Asansörle istediğim kata çıktıktan sonra ilerlemeye devam ettim. Koridorda yürüdüğüm esnada Nur'un yanıma doğru süzülerek gelişini göz ucuyla gördüm. Hemen sonra yanımda yürümeye başladı.
"Bir Tim komutanı, büyük bok yemiş, diye duydum." Diye fısıldarken öğrendiği istihbaratı hemen bana söylemesine şaşırmadım. Onun üstüydüm, bu da onun göreviydi. "İstihbaratı aldığı halde emre uymamış."
"Bunun bizimle nasıl bir alakası olabilir?" Düşünceler kafamdan geçip gitmeye başladı. Aklımda dolanan tilkiler nedense benim başımın ağrıyacağını seziyorlardı.
"Bilemiyorum, ben senin verdiğin son görevin üstünde çalışmaya devam ediyorum." Diyerek homurdandı.
Neden homurdandığını çok iyi biliyordum. Aldığı son görevle kılık değiştirerek bir uyuşturucu baronunun inine sızması gerekiyordu. Bu sebeple İstanbul'un en lüks, en nam salmış gece kulüplerinden birinde çalışmaya başlaması gerekmişti.
"Başlama yine..." dedim sırıtışımı gizlemeye çalışırken.
"Eskort yaptın beni, Beyza!" dedi öfke dolu bir yılan gibi tıslayarak. Kahkahamı zorlukla bastırdım.
"Eskort olmadın, Nur!" Onu ikna etmeye çalışmayacaktım. Her seferinde aksini söylesem de fikri değişmiyordu.
"Oldum, senin yüzünden!"
"Sen İstihbaratçısın!"
"Gizli görevlerde neden tüm pis işi ben yapıyorum?"
Söylenmesine bir şey demedim. Kıdemli ajanlarımdan olduğu için birlikte toplantı odasına girdik. Bizi gördüğünde müdürümüz ayaklandı. Hemen yanında oturan adamı gördüğümde ise donakaldım ve sonraki an yutkundum. Albay Cemil Karan... Onun burada ne işi vardı?
"Yeniden görüşmek ne güzel, Beyza..." diyerek ayaklandı yalancı bir gülümsemeyle.
Yüzümü buruşturmamak için mimiklerime direnmem gerekti. Askerken, henüz çok gençken, sırf kadın olduğum için bu mesleğe layık olmadığımı defalarca kez hareketleriyle göstermiş zalim bir adamdı. Akademiyi birincilikle bitirmiştim! Yüksek lisansımı ise ondan kurtulabilmek için Milli İstihbarat Akademisi'nde yapmıştım. Şimdi olduğum konumdayken onu ne kadar da haksız çıkarttığımı çok iyi bilsem de onu görmek tokat yemiş hissi bırakıyordu üstümde.

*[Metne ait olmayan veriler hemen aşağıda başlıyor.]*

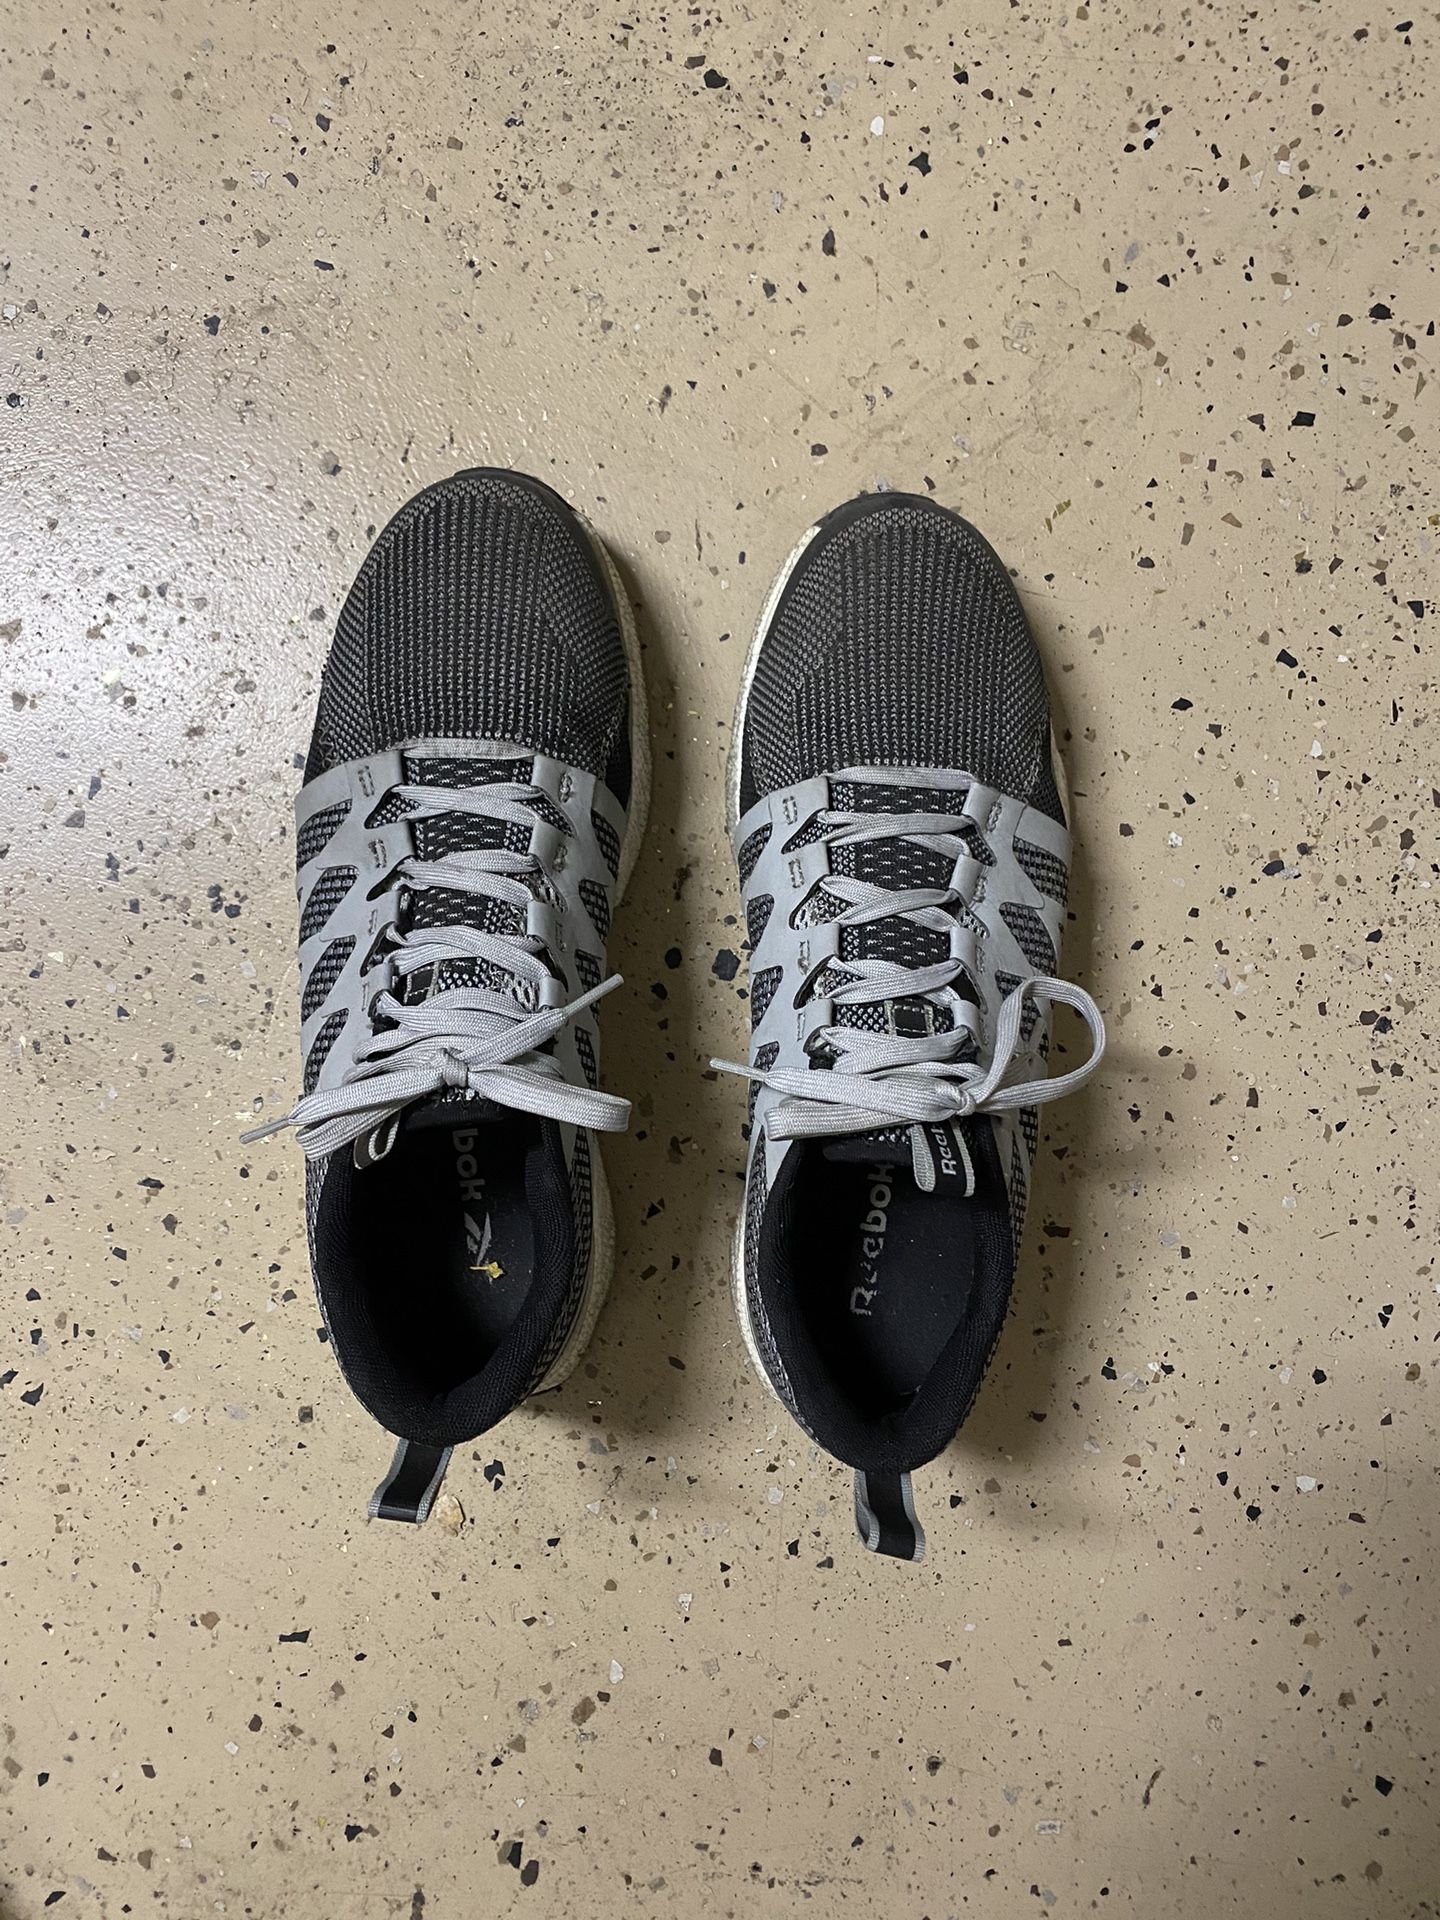 Steel Toe Reebok Men’s Shoes Size 9.5

"Komutanım!" diyerek derhal selamladım onu.
Benim hemen ardımdan Nur'da aynı şekilde selamladı. Bu fasıl bittikten sonra oval masaya oturduk. Ne isteyeceklerini merak ettim. Bu sefer ki görev sanırım Kara Kuvvetleriyle ilgili olacaktı.
"Gökbörü Timi Komutanı Bahadır Sorgun Kızılarslan'ın emre itaatsizlikten dolayı soruşturma altında olduğunu duymuşsundur." Derken direkt olarak gözlerimin içine bakıyordu, Albay Cemil.
Elbette duymuştum. İstihbarat sağlayıcı bizim ekipti. Operasyonun yapıldığı alanda sivil bilgisini almak kolay olmuştu. Operasyondan birkaç gün önce köydeki kahvehanede çenesi düşük adamlar sağ olsun, orada sivillerin de olduğunu öğrenmiş ve operasyona katılan komutanlara bildirmiştik. Buna rağmen bir tim komutanı, terörist listesinde ismi olmayan, sivil olduğu düşünülen birini komalık etmişti. Nefsi müdafaa olduğu kanıtlanana kadar görevden uzaklaştırılmış olduğunu tahmin ediyordum. Terör destekçisi hain bir avukatın bu işin peşini bırakmayacağını da öğrenmiştim. Hatta bu sebeple Savunma ve İstihbarat Teşkilatının en ünlü avukatını onu savunsun diye bizzat kendim çağırmıştım. Bunları biliyordum ama şu anda burada oluşumun asıl sebebini hâlâ anlayamıyordum.
"Evet, haberim var, komutanım. En cevval avukatı savunma yapması için görevlendirdim."
Sözlerimle dudaklarında alaylı bir titreme oldu. Bir zamanlar hor gördüğü, küçümsediği kadın şimdi karşısında Savunma ve İstihbarat Teşkilatı'nın Terörle Mücadele Başkanlığına bağlı Baş Kıdemli İstihbaratçı Yüzbaşı Beyza Karaaslan olarak duruyordu. (Baş Kıdemli İstihbaratçı unvanı kurgusal bir unvandır.)
"Geçici süreyle Gökbörü Tim Komutanlığına atandın, Beyza."
Duyduğum sözü idrak edebilmem birkaç saniye sürdü. İdrak ettiğimdeyse müdürüme hayretle döndüm. Sanki biri o an yüzüme soğuk su çarptı. Bu nasıl olabilirdi? Ben yıllardır SİT tarafından istihbaratçı olarak görevlendiriliyordum. Bir anda Kara Kuvvetlerine bağlı Kara Bereli bir time komutanlık etme emrim olağanüstüydü. (Kara Bereli kurgusal bir unvandır.)
"Müdürüm..." dedim şaşkınlığımı gizleyemezken.
"Timin içinde köstebek var."
Albay Cemil'in sözleriyle dehşetle ona döndüm. Bu da ne demek oluyordu? Asker olmuş, vatan için canını feda edebilecek kadar gözünü karartmış biri nasıl böyle bir hainlik yapabilirdi aklım almadı. Böylesine şerefli bir görevi kötüye kullanmak, hainlik, kalleşlikti!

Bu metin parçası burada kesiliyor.